The habit, then, would be the use of the simple stake. Besides, that mode, while giving less trouble, would make less demand on the commissariat for spike nails, or for rope, as the case might be.

It is quite possible that as they gave our Lord a bad pre-eminence, placing him as chief malefactor and king (king of the convicts!) between two executed, so the indignity might have been carried out in the shape of the instrument of torture, the Cross, the two being crucified on stakes with crossbeams (transoms), He on a simple stake, or vice versa.

The illustration [that follows] (not representing Christ) is from the learned work of Professor Lepsius (De Gruce, p. 1159, Louvain, 1605), who adopts the Cross in its traditional form.

It gives what he calls "Crux simplex," the most simple form of the Cross, a pole or stake, the Stauros, with a man nailed to it.


A Cross other than a mere stake he designates genus compactum, or made up. But both he calls Crosses.

There is in fact a difficulty about the term Cross.

The following is from Smith's Dictionary, Article Cross:

"The word Stauros [the term used for Cross in the Greek Testament] properly means merely a stake.
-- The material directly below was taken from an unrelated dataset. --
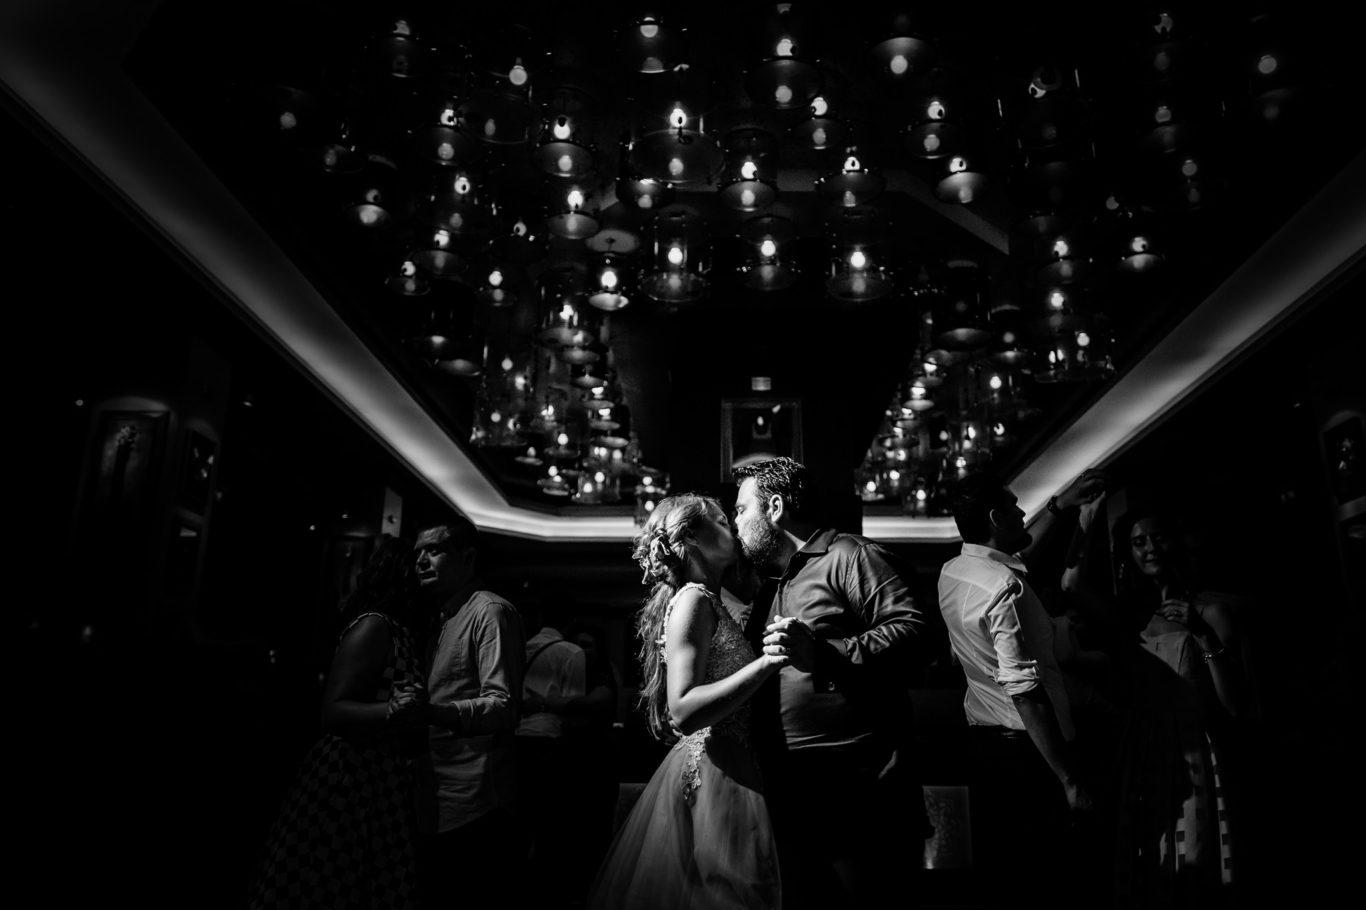 0757-fotografie-nunta-bucuresti-rodica-rares-fotograf-ciprian-dumitrescu-dc1_0676

In Livy, even Crux means a mere stake. In consequence of this vagueness of meaning impalement is sometimes spoken of loosely as a kind of crucifixion.

"The Hebrews have no word for Cross more definite than 'wood.'"

In reference, further, to the form of the Cross on which our Lord suffered, the writer of the article in question, Dr. Farrar, holds to its traditionary shape, that of the Latin Cross. His assertion is strong, not so his reason. Let the reader judge. "That this was the kind of Cross on which our Lord died [says he] is obvious, among other reasons [he does not give them] from the mention of the 'title' as placed above our Lord's head."

His only reason given for following "the almost unanimous tradition" (I quote his words) appears then to be that were our Lord to have suffered on the ordinary stauros (the stake) there would have been no room for the "title" over His head.

Look, reader, at the above cut, and judge for yourselves of the force of the Canon's "reasons."

As for the tradition he speaks of, is this of much worth, think you?

To prevent the weight of the body tearing the hands from the nails, there was a peg driven into the cross to support the body at the fork. Tertullian, quoted by Adam Clarke, mentions this: "Crux cum illo sedilis excessu"—the Cross with its projecting seat.